Cape Town is “booming” and on track to have a very good tourist season, according to Southern Sun CEO Marcel von Aulock, speaking at the release of its half-year results.
Southern Sun, formerly Tsogo Sun Hotels, has experienced high demand for accommodation in the city, driven by events such as the Netball World Cup held at the Cape Town International Convention Centre (CTICC).
Its higher-end hotels such as The Cullinan and the Southern Sun Waterfront benefit from the frequent conferences at the CTICC. The city also benefits from an increase in direct flights to it.
“I think we’re going to have a really good summer season [in Cape Town]. I say that with humility and a great deal of touching wood because tourism is finicky. It can go off the boil very easily. But at the moment, Cape Town is on steroids.”

However, Southern Sun is seeing lower demand in its hotels in Rosebank, Johannesburg, and parts of Gauteng as foreign and local corporate travel has not been back to pre-Covid levels.
“The corporate transient and international travel segment has been the slowest to return to pre-Covid-19 levels.
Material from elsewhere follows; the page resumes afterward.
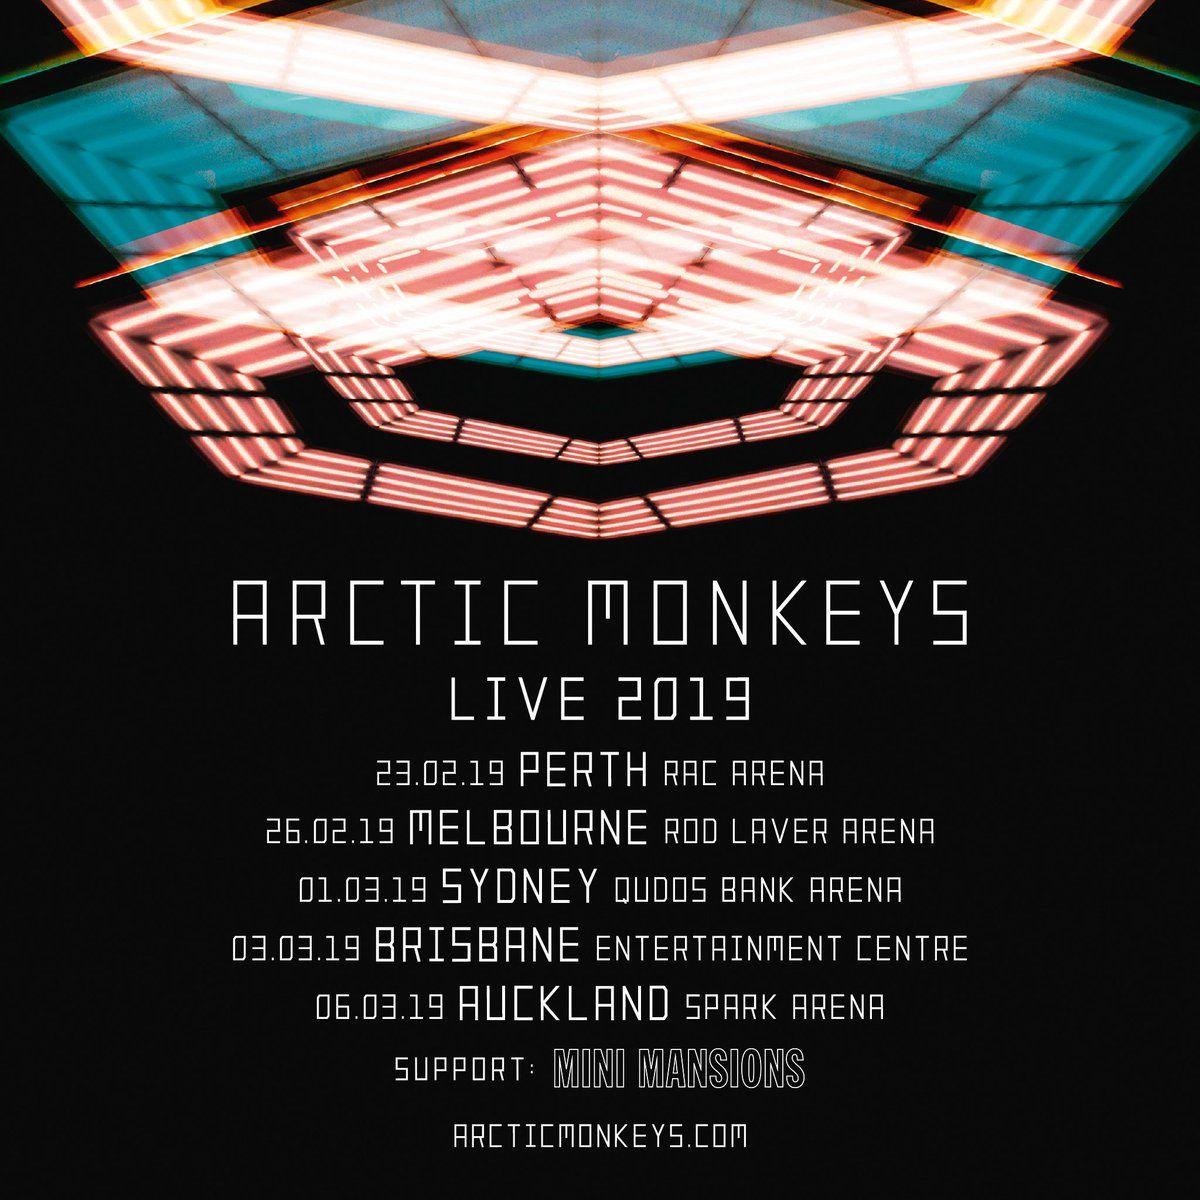 Arctic Monkeys Official Logo - Arctic Monkeys
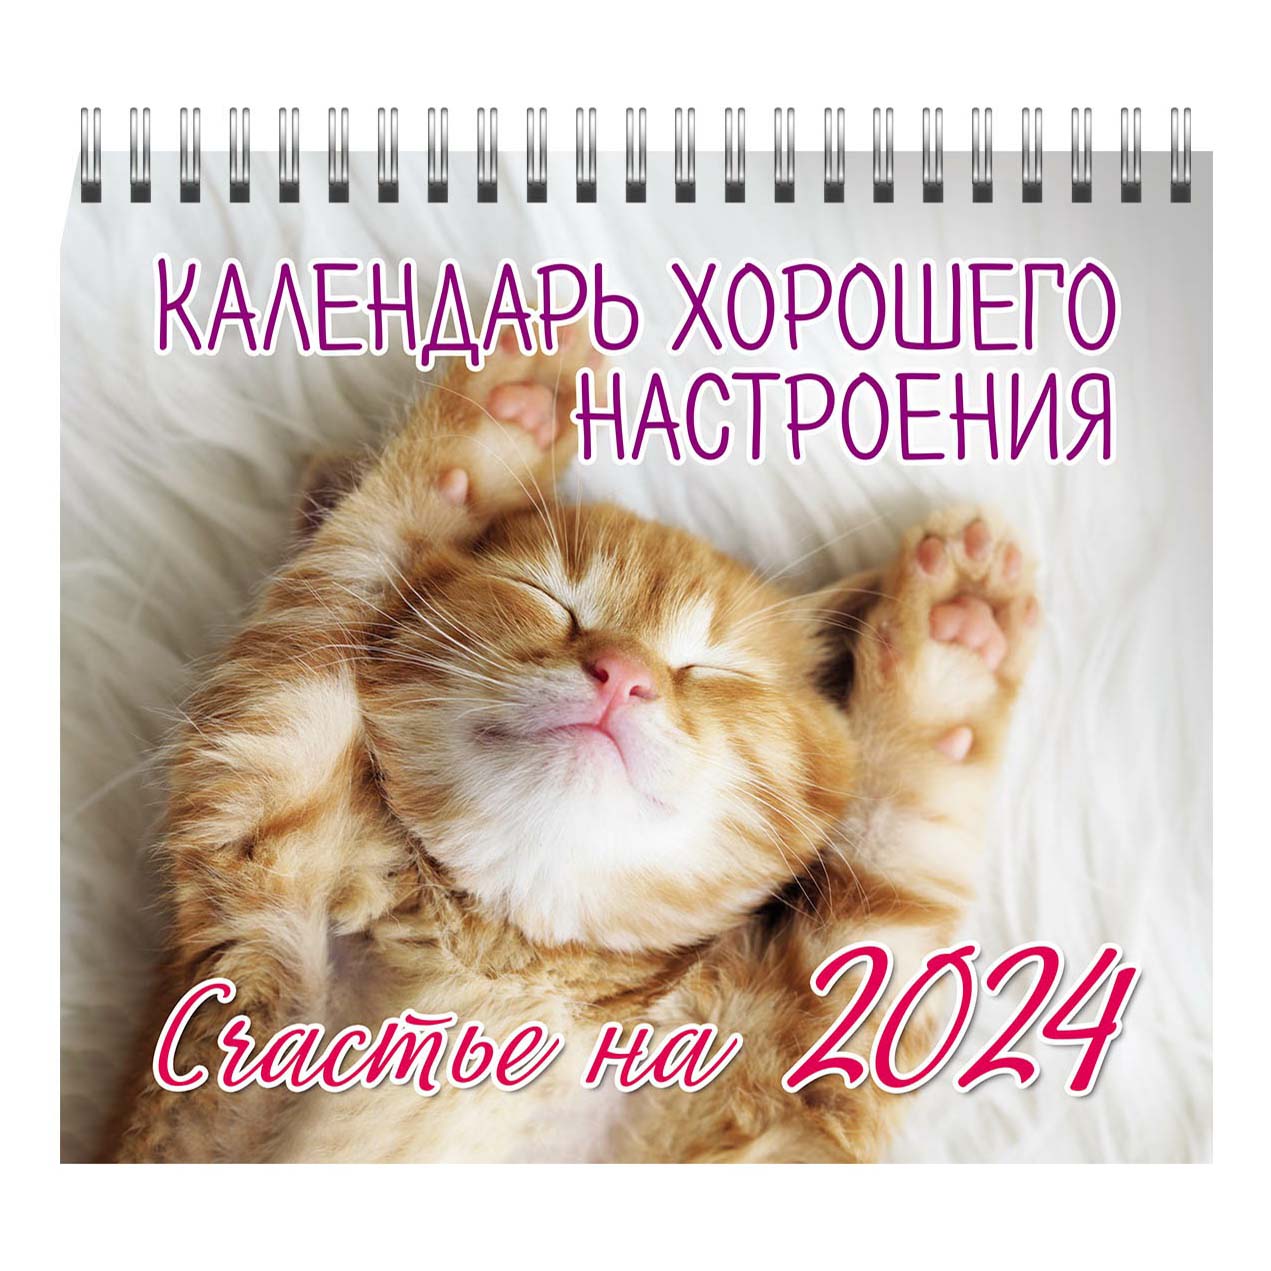 Календарь настольный перекидной Календарь хорошего настроения на 2024 год

Consequently, Gauteng has lagged behind other provinces in terms of recovery, particularly hotels not located in prime business hubs near OR Tambo International Airport or Sandton Convention Centre,” said the group.
The Hyatt in Rosebank and The Michelangelo and Park Inn hotels in Sandton have been closed since Covid-19, and while not belonging to Southern Sun, point to depressed demand in much of the Gauteng area.
Infrastructure investment
Lower corporate activity is bad for rival City Lodge, 60% of the hotels of which are located in Gauteng and are more focused on business travel than leisure.
Southern Sun reported a fall in interim profit to end-September despite generating greater income as it remains “heavily exposed” to the beleaguered SA economy and higher operating costs because of the “lack of government investment into infrastructure for power generation and rail transport”.
It spent R28m on diesel for generators in the half, which Von Aulock described as “burning money”.
The group has 95 hotels, 80 in SA and 15 abroad, under various brands and properties such as Arabella, Sandton Towers, Sandton Convention Centre, Garden Court and stayeasy.
The company said on Tuesday in its results for the six months to end-September that its occupancy rate improved 10.3 percentage points to 56.3%, the average room rate 11.4% to R1,297 and the number of rooms sold 22.6% to 1.4-million, resulting in the room revenue growing 41% to R1.9bn.
All these metrics were higher than the same period in 2019 before the Covid-19 pandemic hit, except the occupancy rate, which came in 2.8 percentage points lower.
Temporary staff
Part of the double-digit increase in expenses was due to running two new hotels in Mbombela that it recently bought as well as an increase in staff as occupancy increased year on year.
Von Aulock said overall cost control was good and the switch to using more temporary staff instead of permanent also kept fixed costs down.
Given that R389m has been returned to shareholders through share buybacks since March, and that it generates two-thirds of its profits in the second half of the financial year, it decided to withhold an interim dividend. It plans to issue a final one.
Not many new hotels are being built outside Cape Town as the cost of capital to develop them is higher than the initial profit is likely to be. Von Aulock said he hopes occupancy levels in hotels will increase due to the lack of new supply.
“But that does require the economy to get going. And that is not happening.”
Von Aulock said if the economy were growing, “the [Radisson] Park Inn in Sandton would not be closed. I mean, it is a relatively new, 300-room hotel surrounded by barbed wire. It tells you there is a problem in the economy.”